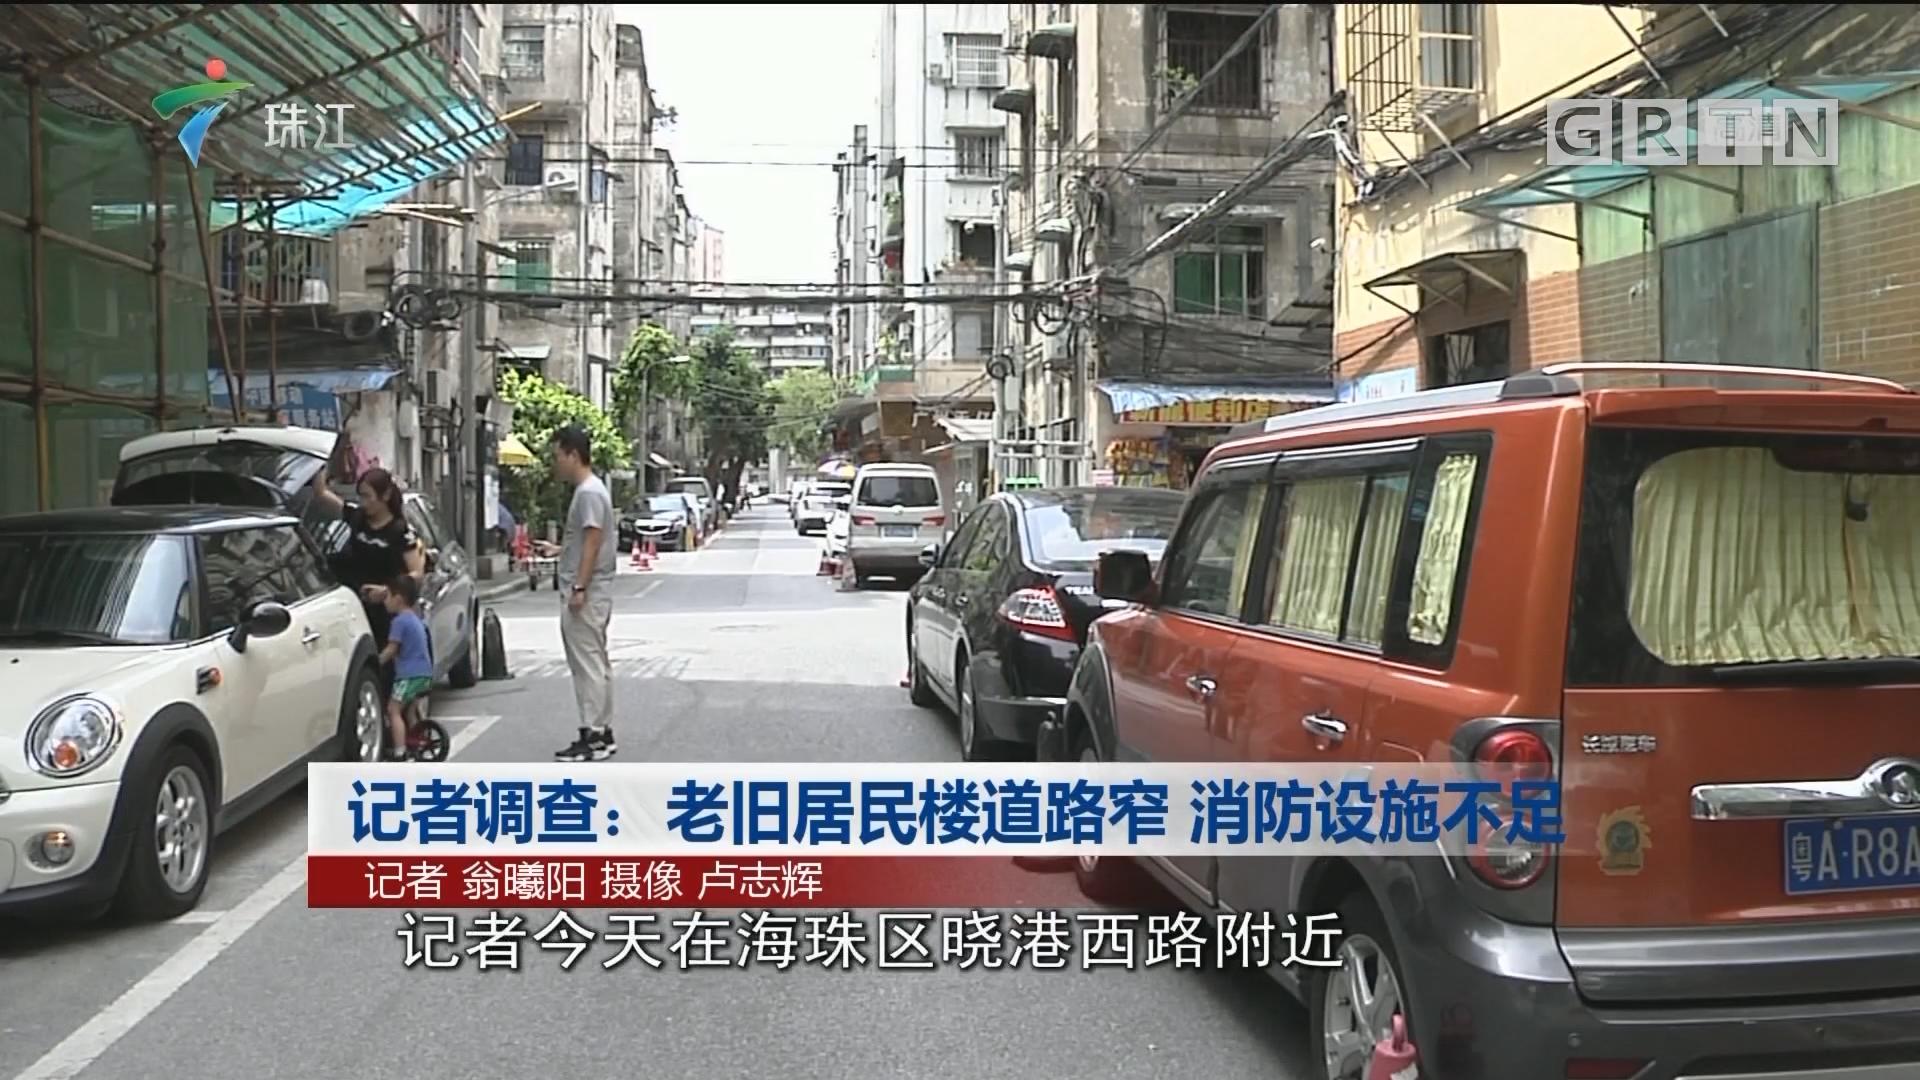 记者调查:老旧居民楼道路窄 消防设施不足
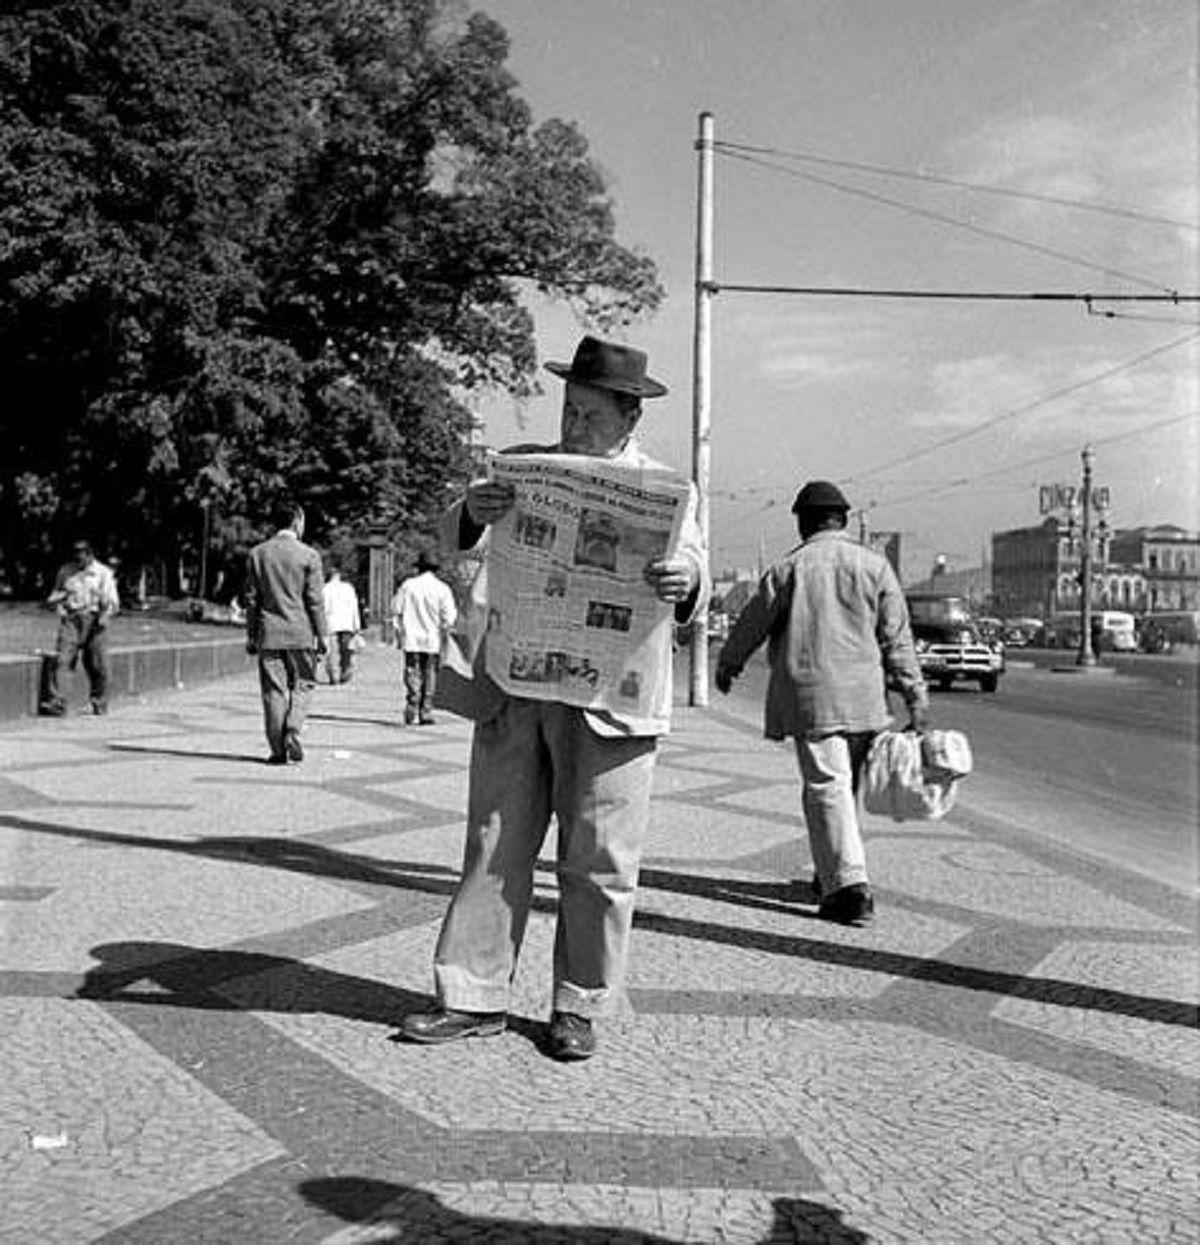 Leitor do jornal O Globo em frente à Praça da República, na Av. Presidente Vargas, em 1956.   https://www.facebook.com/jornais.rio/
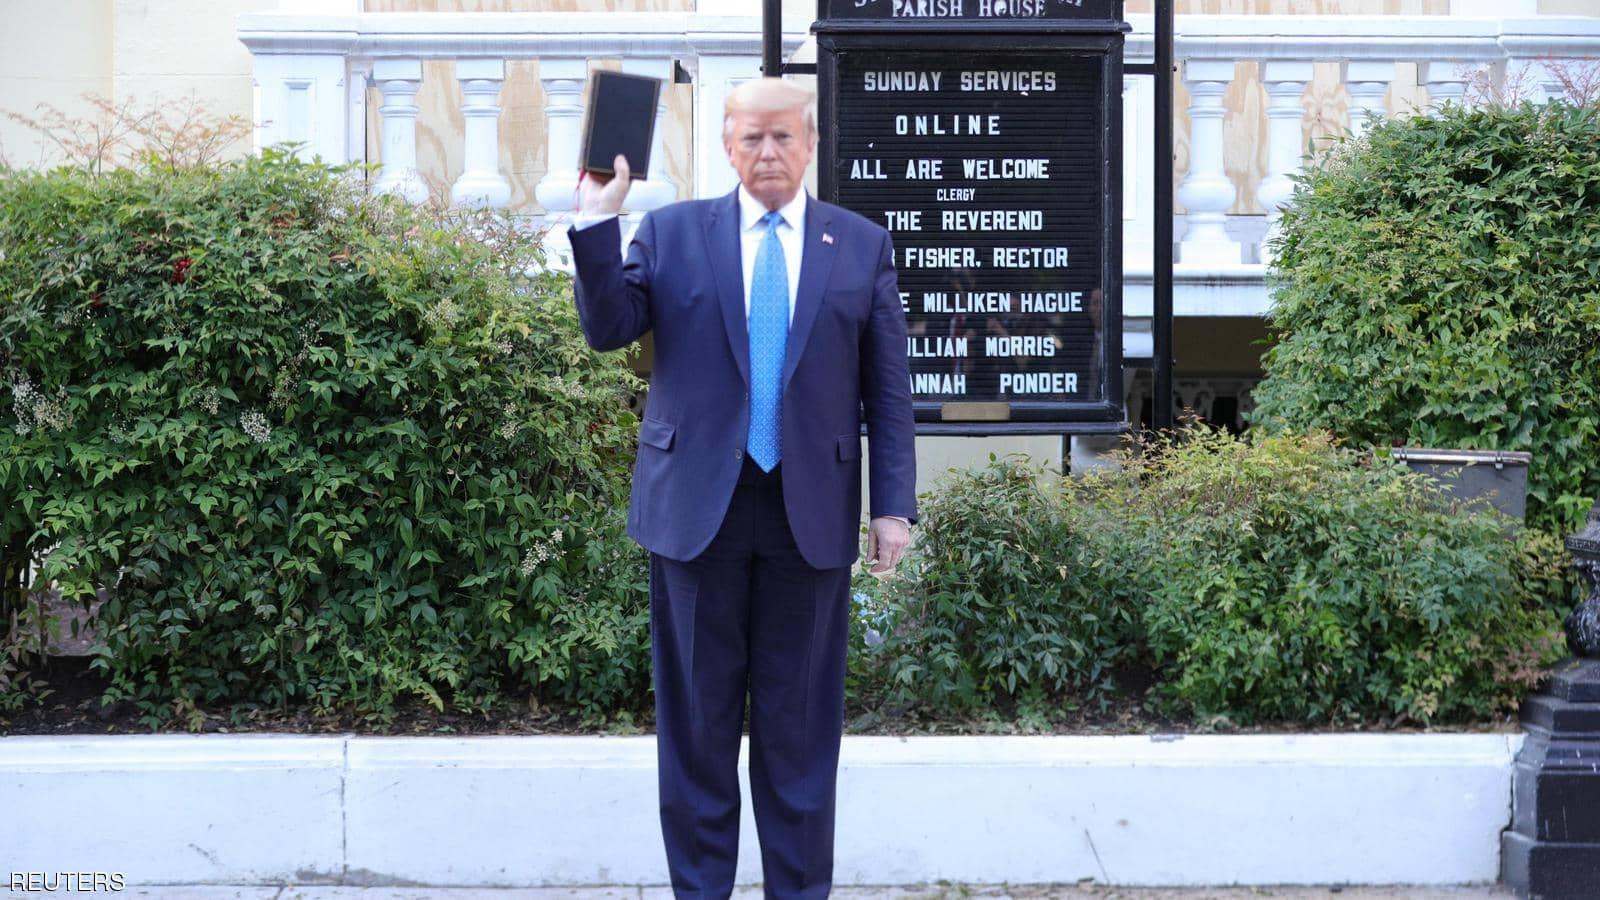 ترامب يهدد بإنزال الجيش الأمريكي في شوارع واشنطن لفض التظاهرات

-*-*-

Images are to be left out; everything else in the material must be written out exactly.

 记者调查:老旧居民楼道路窄 消防设施不足
 Leitor do jornal O Globo em frente à Praça da República, na Av. Presidente Vargas, em 1956.   https://www.facebook.com/jornais.rio/
 ترامب يهدد بإنزال الجيش الأمريكي في شوارع واشنطن لفض التظاهرات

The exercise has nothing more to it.